So there’s coming an event that the world is going to be warned about and warned about and – I mean the warnings are unbelievable.  First the rapture, the rise of antichrist, the abomination of desolation clearly defined in verse 15. All those events clearly chronicled for us here and in Revelation, every detail laid out for us, and in spite of all of that and the sign of the Son of Man in heaven – in verses 29, 30 and 31 – even in spite of that and the collecting together of the elect from all the earth, they still don’t see what’s happening.  They still don’t understand.  They still don’t realize until – like the time of Noah - finally, when the water was up to their chin and the door was shut, they began to be believers, but it was too late.  There was no getting in. 

So what is the first response to the sudden and unexpectedness of the second coming?  Verse 42:  “Watch therefore.”  That’s present imperative.  Be constantly alert, “for you know not what hour your Lord does come.”  And He says to the generation that is alive at any time, “You don’t know when all these things are going to happen, you don’t know when the Lord’s coming is going to appear.  You had better be watching.  You better be analyzing the sign.”  As we noted last time in Matthew 16, He said to the Jews, “You’re great at telling the weather but you haven’t got any idea about the spiritual signs.”  Well, you better get some idea about the spiritual signs; you better be alert. 

The first requirement is alertness.  The second is readiness.  Look at verse 43, and now we’ll go on to what we didn’t cover.  “But know this” – or “I think this” – it could be an imperative, it could be an indicative.  I like to think it’s an indicative.  That is, it states a fact.  Comparing with verse 42, “You do not know what hour your Lord does come, but you do know this.”  I mean this is obvious.  You do know this.  “That if” – and it’s “if” with a condition in the Greek that is contrary to fact – if and he doesn’t, but if he did, if the householder had known in what watch, that is, in what three-hour period during the night. The Jews divided the night into four three-hour periods from 6:00 p.m. to 6:00 a.m.  6:00 to 9:00, 9:00 to 12:00, 12:00 to 3:00, 3:00 to 6:00.  He says, “If a householder knew what hours in the middle of the night the thief would come, he would have watched and allowed his house – not allowed his house to be broken into.”  Literally the Greek word for breaking in is “digging through.”  They would dig through the mud walls or dig through the tile roof to get in and steal everything. 

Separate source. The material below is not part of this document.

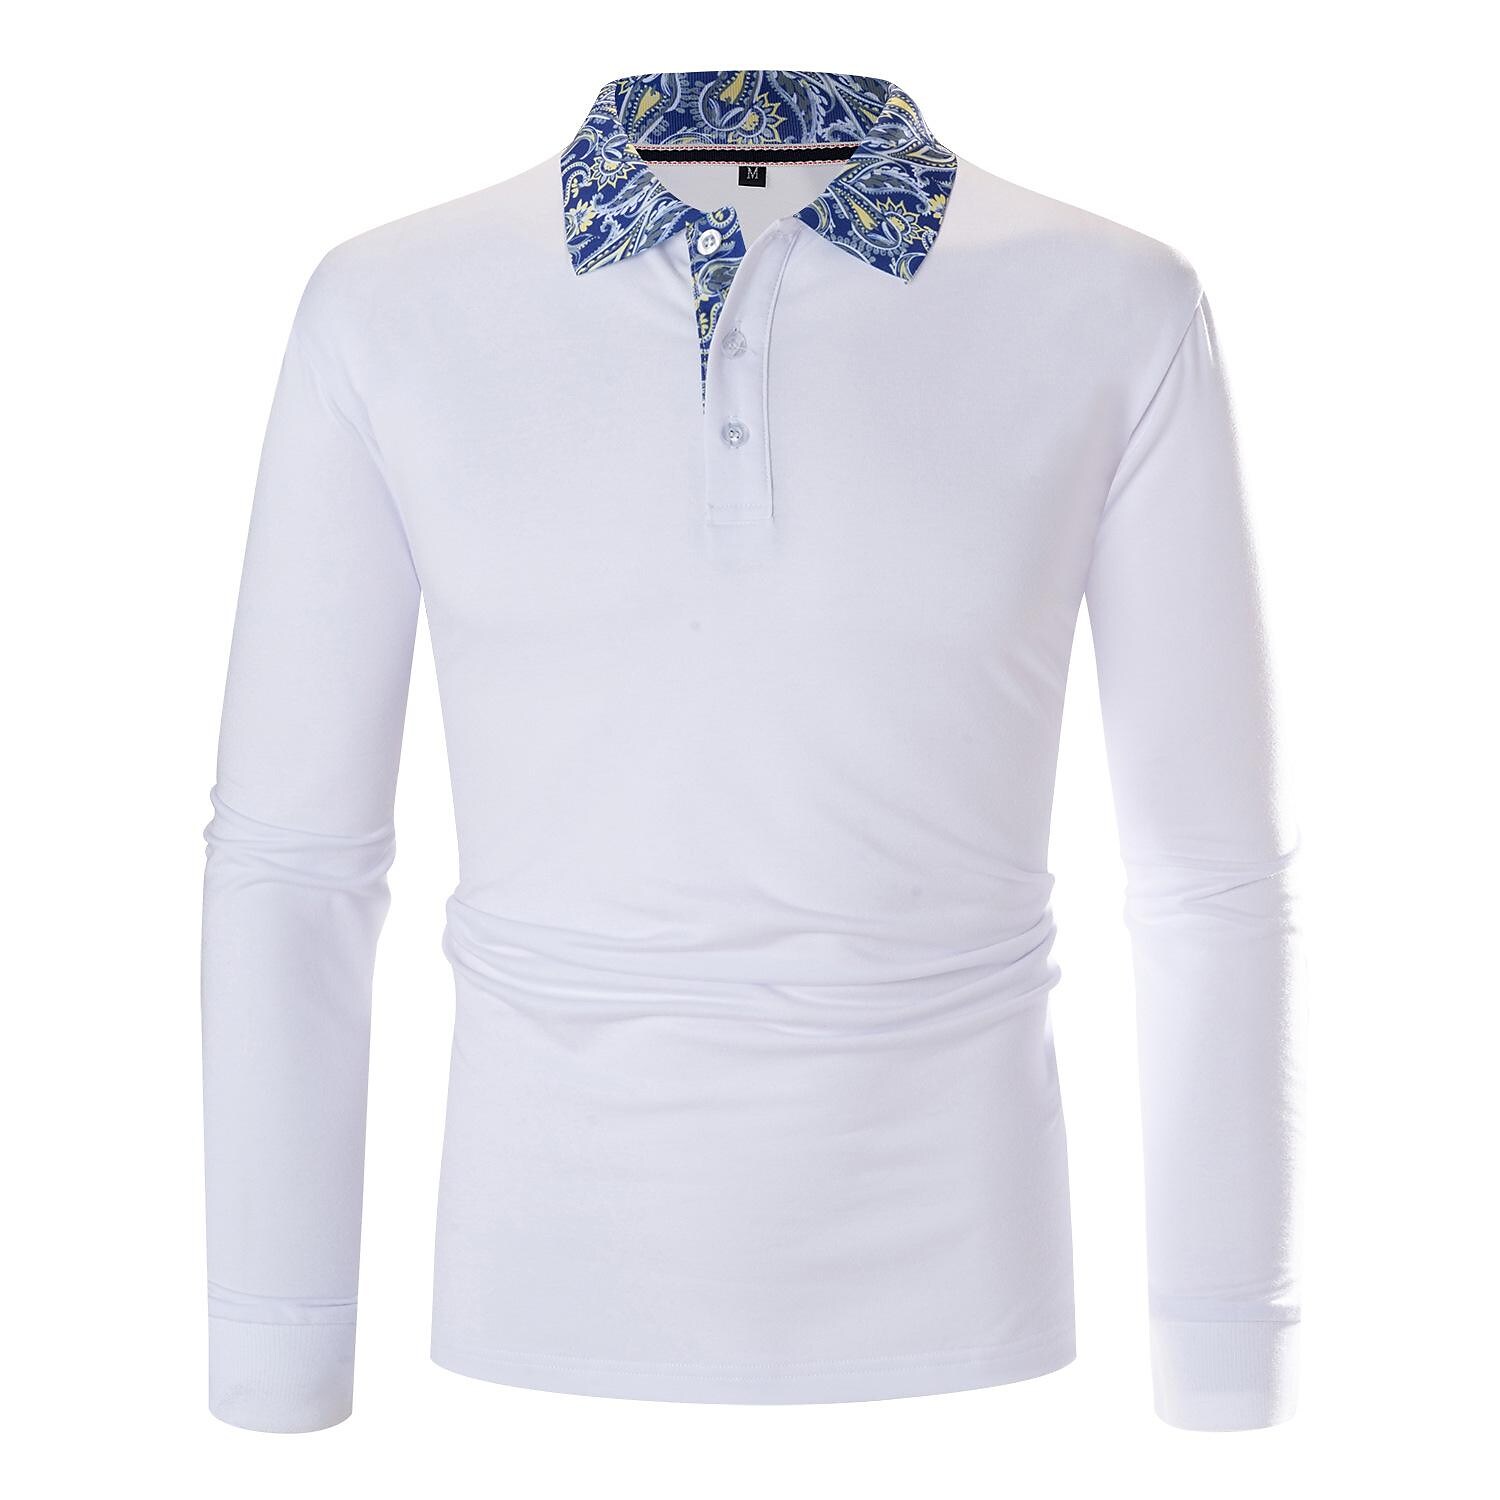 Rogoman Men's Contrast Collar Long Sleeve Polo T-Shirt

So He says you don’t know when the Lord’s coming, but you do know this, if a man knew when a thief was coming, if he knew in general, not the minute or even the hour, but if he just knew the general watch, if he knew the general timeframe, he sure would be ready for him when he got there, right?  He sure would.  And that’s what He’s saying.  That you do know.  Any fool knows that if a robber’s coming and you know he’s coming, you’re going to be ready for him when he gets there. 

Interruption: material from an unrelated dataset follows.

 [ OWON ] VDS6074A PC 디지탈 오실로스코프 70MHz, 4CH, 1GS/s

And the Lord’s coming is often likened to the coming of a thief.  And it would be good at this point to say that it is not because it is a criminal coming.  The likening of the Lord’s coming to a thief, which occurs here, 2 Peter 3:10, Revelation 3:3, Revelation 16:5, Luke 12:35-40, which I’ll show you in a moment. It also occurs in 1 Thessalonians 5:2 and following.  And those places where the Lord’s coming is likened to a thief, it is not that Christ is like a thief, it is that Christ will come suddenly and unexpectedly like a thief comes suddenly and unexpectedly.  That’s the only analogy.  That’s the only analogy. 

There’s one other footnote that I might add to it.  When a thief comes, he takes everything you have, and so will Christ when He comes and finds a man who’s not ready for His coming.  Everything that man has, He’ll take, won’t He?  And it’ll all be burned up.  So in that sense, too, we might see Christ like the thief who comes and takes everything that a man has – which he puts his faith in, which cannot stand the test of judgment. 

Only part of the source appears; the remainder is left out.